Let’s jump a decade later and look at what Moore did in Swamp Thing. This is really important: by this point, Marvel had completely rebranded itself and reidentified its content in the intervening decade, and was dominating the toy market, at that time much more important to them than movies. By contrast DC was in complete disarray trying to restructure and redefine itself in a variety of ways. To fan these flames, Byrne and Miller the hotshot writer-artists were engaging in a successful bidding war at both companies, and a lot of other creators were starting to say the same. Although we don’t have a book about DC equivalent to Howe’s to rely on, I can at least speculate that DC went headhunting over in the UK to secure both a new look and cheap labor.
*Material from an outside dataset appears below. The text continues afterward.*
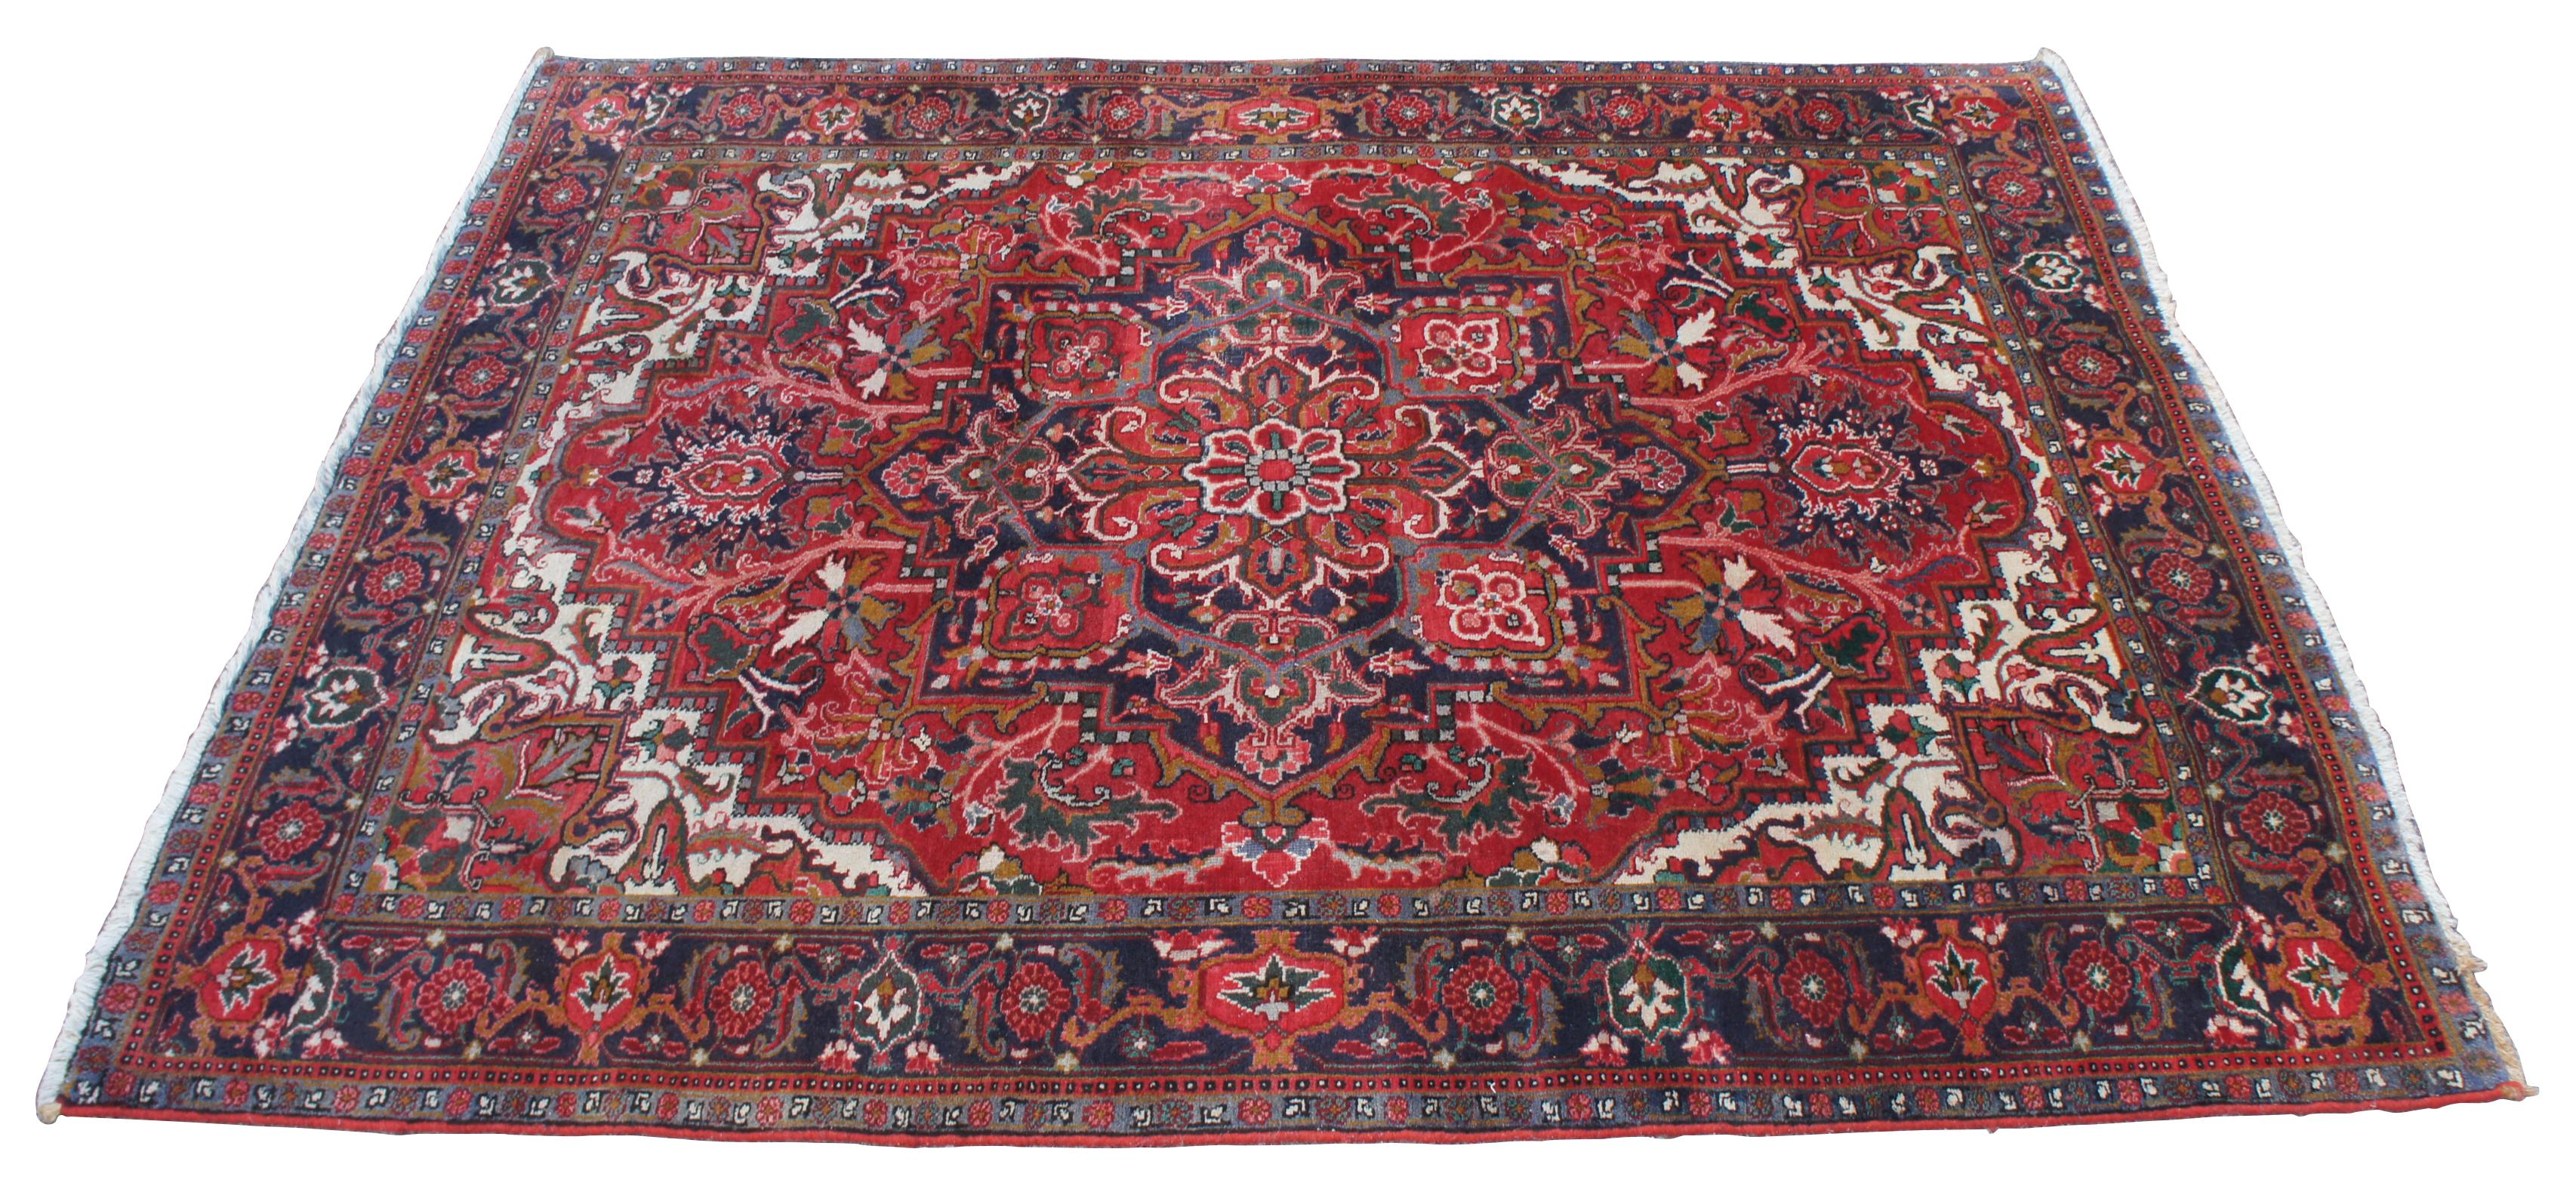 Vintage 1985 Bakhtiar area rug. Made in Iran of 100% wool, featuring a large central medallion with an flloral motif over a field of reds with blues / teal, tans, pinks, greens, brown / gold, and indigo / purple. Measures: 6.5' x 9'.
  

I’m gonna hurt you now: Moore had clearly grown up on pre-Shooter bull-goose Marvel and that’s exactly what he brought with him, especially at its most politically fervent and most mystically grandiose – it’s basically the resurrection of the young Steve Englehart (see Buddha on the road, Steve! Get’im!) let loose upon the pristine and admittedly slightly confused heroes of DC. You’ll pardon my amusement at DC desperately trying to become early-80s Marvel only to discover to their shock that they were getting the mid-70s instead. No wonder they only let him near off-brand properties like the Charleton characters and a leftover horror-guy.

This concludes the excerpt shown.